Мы на веранде, на столе вино, вазы с фруктами, есть уже и виноград, и любимая поздняя иссиня-черная слива, и груши, и еще что-то, чего мы толком не разглядим; сунув на стол два экземпляра пьесы, мы чего-то ждем от хозяев, ждем какого-то выхода, счастливой случайности, милосердия. Василевская в роскошном халате, но что-то мне видится в ней, как всегда, печальное и высокое, сейчас ее жестковатые черты смягчены любовью к загорелому, красивому мужу, сверкающему белизной зубов и игрой живых, женственных глаз.
Идет разговор ни о чем, бродим вокруг да около, не трогая пьесы. Сливы и виноград не лезут в глотку; церемонный Гозенпуд в чесучовом пиджаке, а мне и в рубахе жарко, августовский пот катится по лицу. Абраша умоляюще смотрит на меня, и я заговариваю о том, что неясно, зачем муж Марии купил микроскоп: если это обыкновенный школьный микроскоп, то какой же он тогда ученый. Гозенпуд, ободрясь снисходительными кивками хозяев, замечает, что надо как-то оживить антиквара, слишком уж трафаретный получился образ, а вместе с тем «мефистофельски» неправдоподобный. Черт возьми! Могут же они уступить нам хотя бы антиквара – и мы заткнемся.
Ванда Василевская совершает ошибку: нельзя было трогать тени великих, Абрам Акимович пойдет на эшафот, защищая Шекспира, Бальзака, Толстого или, скажем, любимого чешского композитора Яначека.
– Что вы гово́рите! – раздался ее строгий, любящий голос. – Сашко́ прекрасно написал антиквара, это красиво, сильно, как у Бальзака.
Все взорвалось и рухнуло: забыта осторожность, милиционер, мимо которого нам придется вновь проходить, – Гозенпуд бросился на защиту Бальзака.
– Бальзак?! – взревел он. – Оноре де Бальзак?! (Как будто подвернись под руку другой Бальзак, и мы бы кончили миром.) Как вы можете! Это же… это рукоделие… школьное сочинение… бред!

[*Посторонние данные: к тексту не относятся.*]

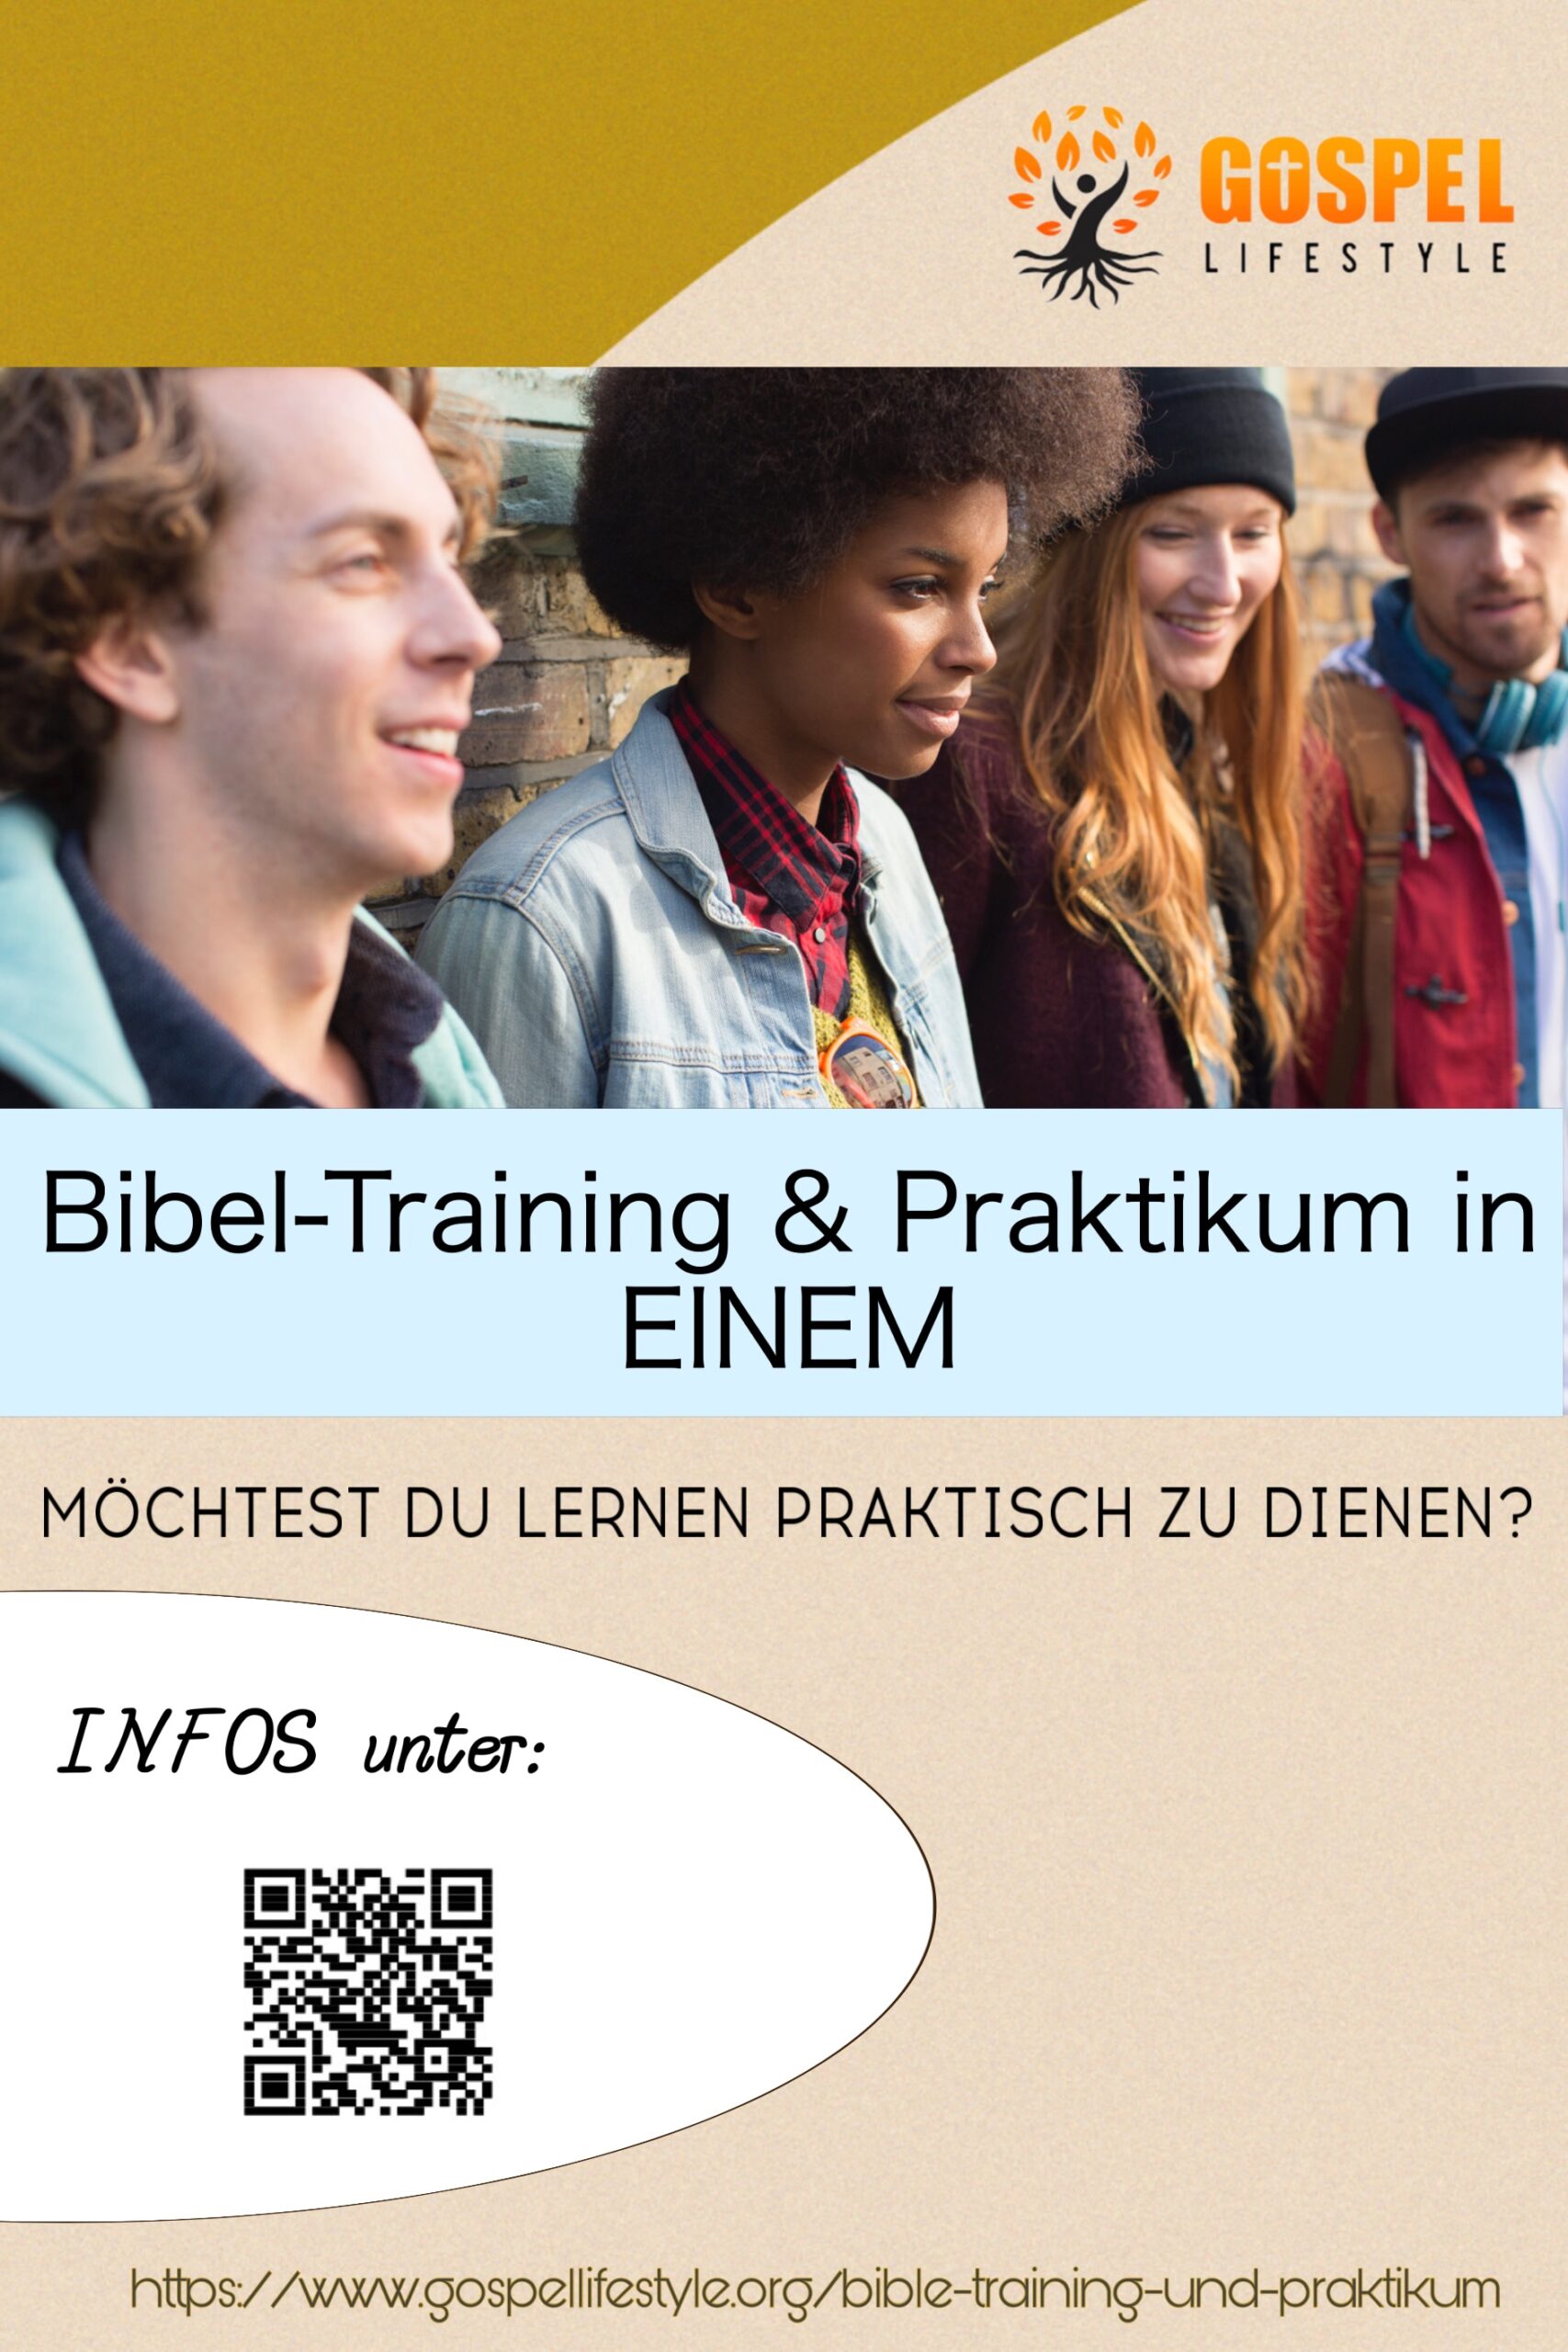 You are currently viewing Bible-Training und Praktikum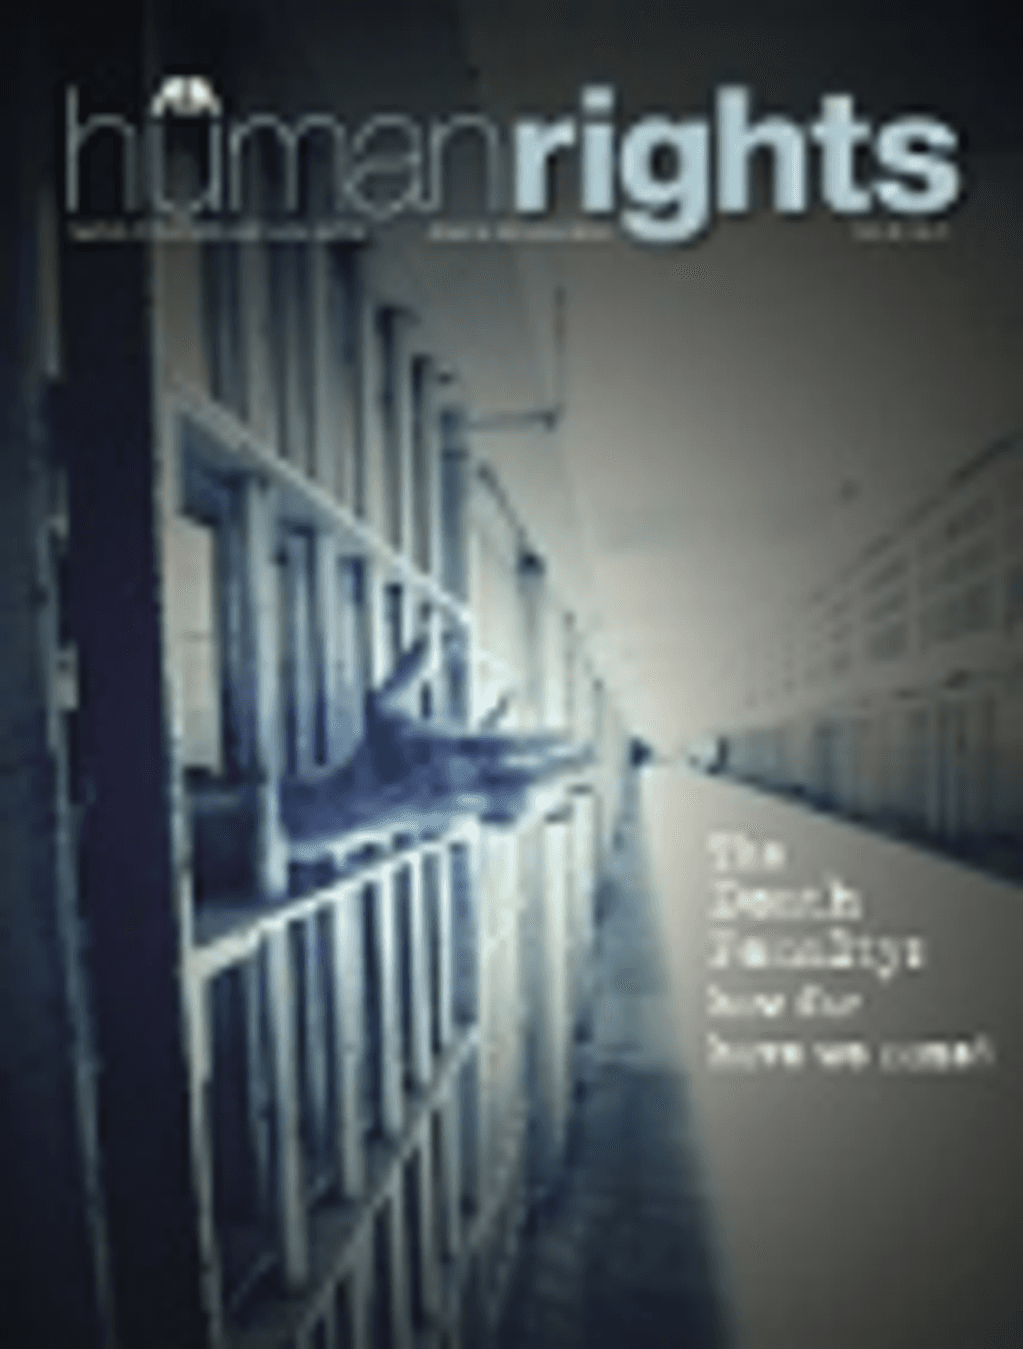 American Bar Association Human Rights Magazine on Capital Punishment

Остановить его невозможно. Через минуту мы обреченно брели по асфальтовым «вафельным» плиткам, сзади шел Корнейчук, поддерживая нас под локти и непрестанно повторяя:
– Ничего, ничего… Все хорошо… Ничего… Не беспокойтесь…
Не вышло из нас Белинских, но и перед нами был не автор «Бедных людей», – увы, даже не автор «Гибели эскадры»: его уже развратила атмосфера избранности, обреченности на успех всякой написанной им страницы.
…И вдруг я слышу из уст Фадеева – а я его уже люблю! – «Прочел „Мечту“ Корнейчука, знаешь, Костя, какой-то бред!..».
Как мне хотелось поведать о нашем фиаско в Киеве на Обсерваторной улице, но я удержался, только сказал:
– Степанова права, я знаю пьесу. А вы бы сказали Корнейчуку, к вам он прислушается.
Реакция была неожиданной: Фадеев откинулся к спинке стула, рассмеялся, запрокинув голову и показав на меня пальцем:
– Костя! Кого ты в редколлегию берешь! Десять раз подумай. – Смех оборвался, он сделался серьезным. – Ничего я Сашку́ не буду говорить, не-ет! Пусть ему другие объясняют.
Наивный провинциал, я не понял тогда, как много значений скрывается за фадеевской политикой невмешательства, готовностью забыть, что он глава советской литературы, ну если не литературы, то Союза писателей.
6
Во время затянувшегося перерыва на обед в ЦДЛ судьба пленума была решена. Нечего взывать к активности московских и съехавшихся из республик драматургов. Нечего ждать, пока, на беду устроителей, разговорятся театральные критики, – а ведь могут, могут, они златоусты. Все эти Юзовские, Альтманы, Гурвичи, Малюгины могут испортить праздник.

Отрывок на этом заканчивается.